Advancing gastric cancer treatment through personalized 3D bioprinting

Gastric cancer ranks among the most widespread diseases in Asian populations, with South Koreans experiencing the third-highest incidence globally in 2020, as reported by the International Agency for Research on Cancer.

A collaborative research effort between Pohang University of Science and Technology (POSTECH) and Yonsei University has achieved advancement in the realm of precision personalized medicine for gastric cancer. By using 3D bioprinting to accurately replicate the biological environment surrounding gastric cancer cells, the researchers have achieved a significant feat—predicting a patient's response to anticancer drugs during the preclinical stage. This marks a significant milestone in the exploration of precision personalized medicine for gastric cancer.

The team of researchers developed a vascularized gastric cancer model for personalized drug therapy by using patient-derived organoids (PDOs). The results of their research were published in Advanced Functional Materials.

Clinical trials, aimed at assessing the efficacy of new drugs or treatments, are typically conducted on humans. The ability to predict patient responses during the preclinical phase is crucial for selecting suitable candidates for these trials. This not only helps in minimizing unexpected side effects but also enhances the overall success rates. Unfortunately, existing technologies face limitations in accurately replicating the pathology of gastric cancer and the intricate environment surrounding the tumor in vitro.

To address this challenge, the research team used organoids obtained from gastric cancer patients along with 3D bioprinting technology. This approach led to the development of a vascularized organoid model (VOM) that faithfully reproduces the actual vasculature and environment of gastric cancer.

The incorporation of a stomach-derived decellularized extracellular matrix (st-dECM), rich in stomach-specific matrix proteins such as collagen, contributed to a high cell viability rate exceeding 90%. Furthermore, the model demonstrated a high level of similarity to actual gastric cancer conditions.

Based on these findings, the team generated patient-specific vascularized organoid models (VOMs) for use in drug trials. The outcomes revealed distinct responses to the same drug among different patient models, aligning with real-world clinical trial results.

The created VOMs, faithfully replicating the microscopic vasculature and biological conditions of gastric cancer, enabled the team to predict patient responses during the preclinical stage.

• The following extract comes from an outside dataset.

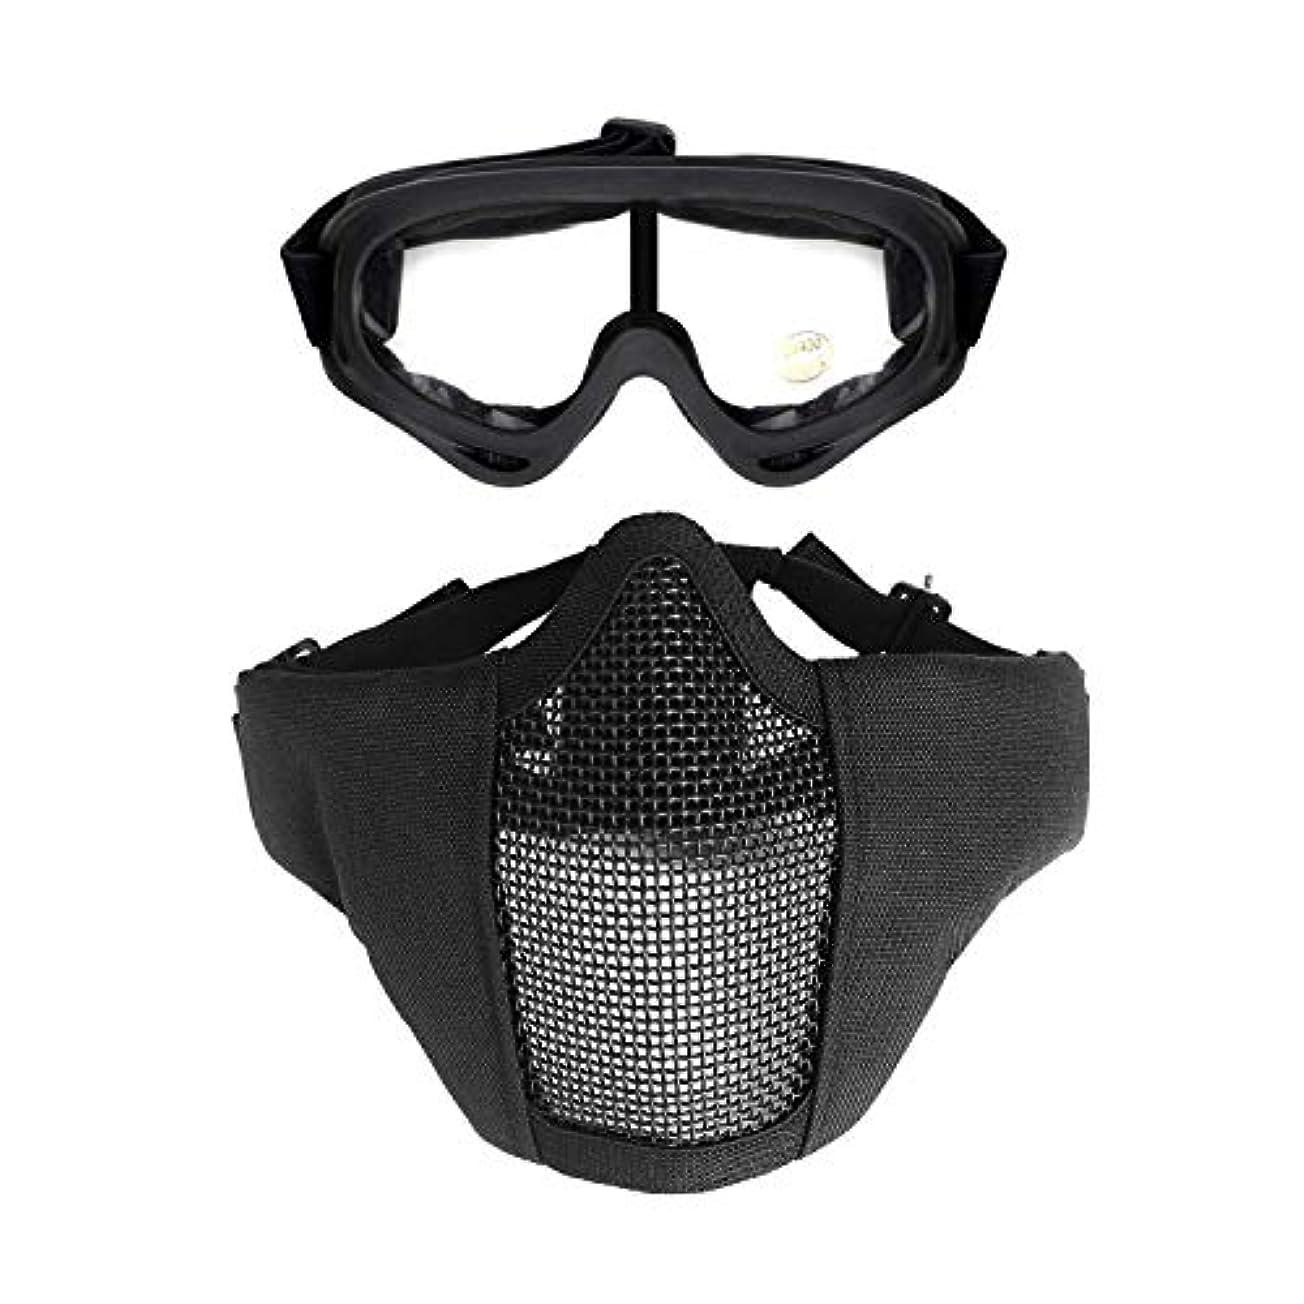 リングバックビジョン細いメッシュ マスク ゴーグル付き 通気性が良い フェイスマスク ゲーム ブラック 2個セット

Furthermore, the VOM accurately mimicked the clinical response to the vascular endothelial growth factor receptor (VEGFR2). The research highlighted the limitation of the currently employed human epithelial cell proliferation factor receptor (HER2) as the sole target in clinics, underscoring its ineffectiveness for patients unresponsive to this target. This research creates new possibilities for a broader spectrum of therapies.

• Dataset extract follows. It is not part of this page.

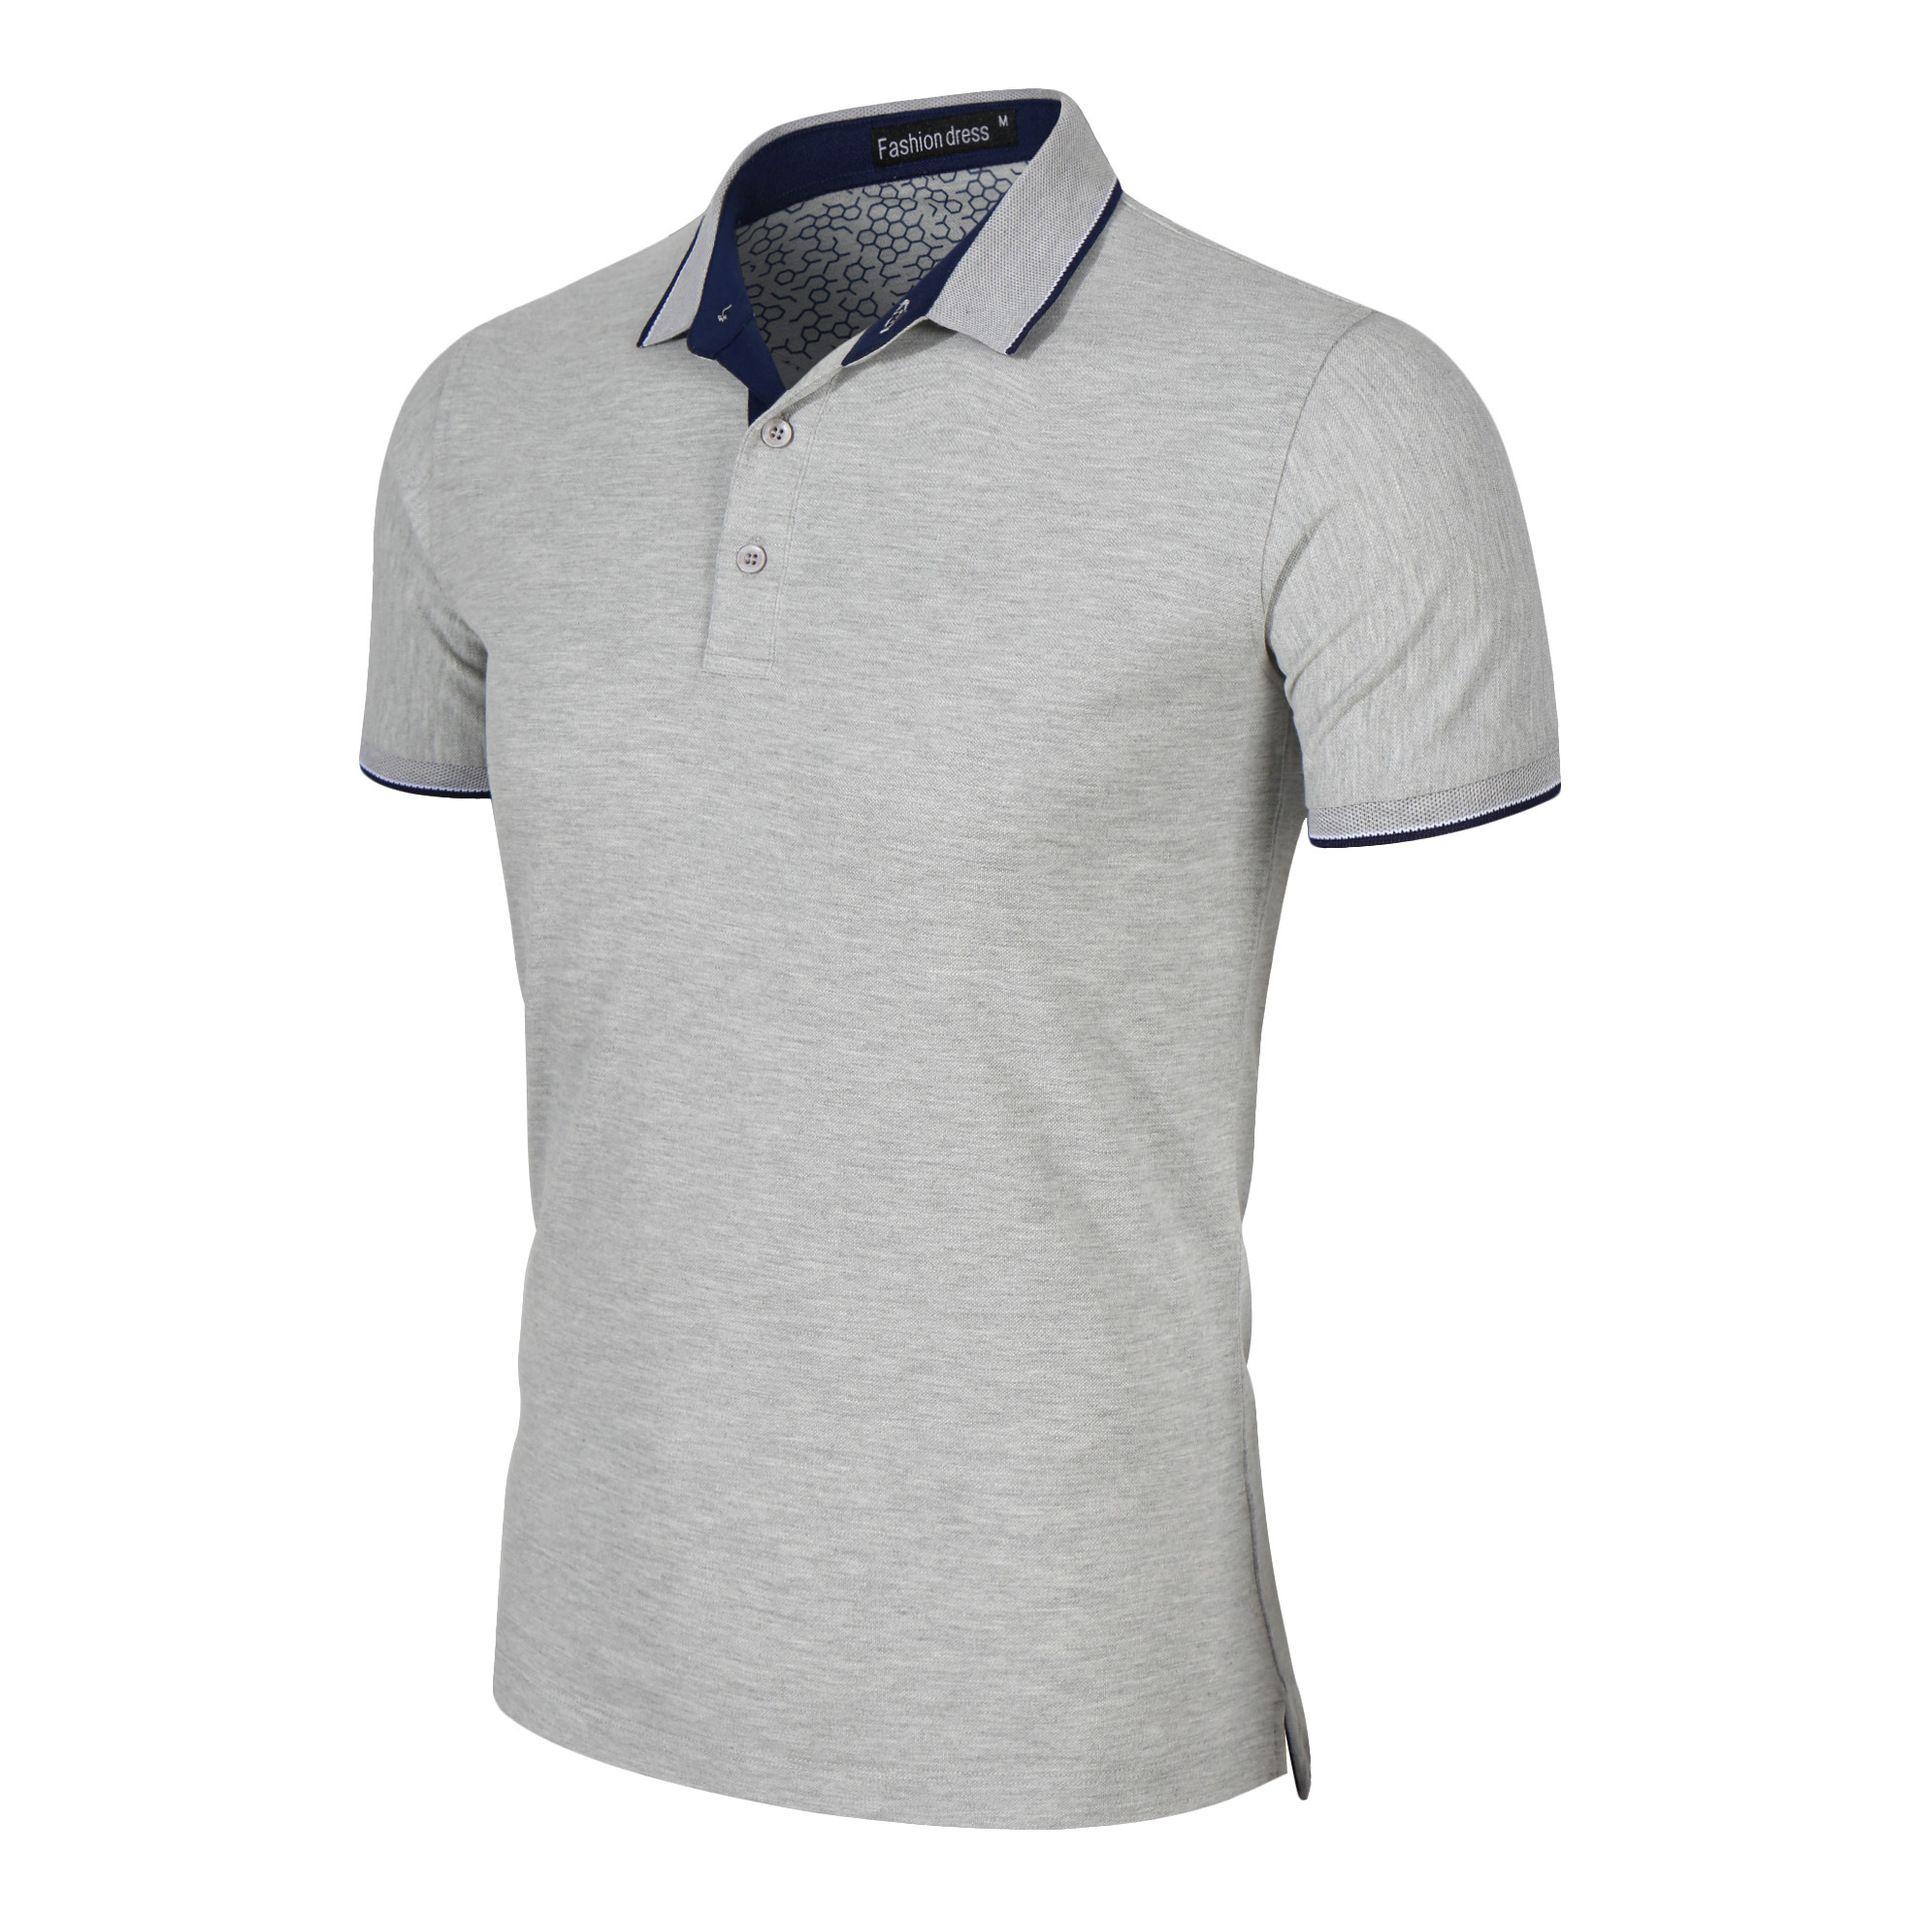 c52866a275606 Compre Pólo Personalizado Dos Homens Camisa Bordado Personalizado Camisa De  Golfe Personalizado Bordado Trabalho Uniforme De Alta Qualidade 100%  Algodão ...

Professor Jinah Jang who led the research stated, "We have developed a promising platform for personalized cancer treatment." She added, "This platform has potential applications in other types of cancer where drugs act through the blood vessels."

Professor Jae-Ho Cheong from Yonsei University said, "The advanced biomodel platform is crucial in simulating diverse clinical trials at the laboratory level. It not only facilitates the study of cancer mechanisms but also enables the advance assessment of the effectiveness of anticancer drugs, offering a new paradigm for the implementation of precision medicine in cancer."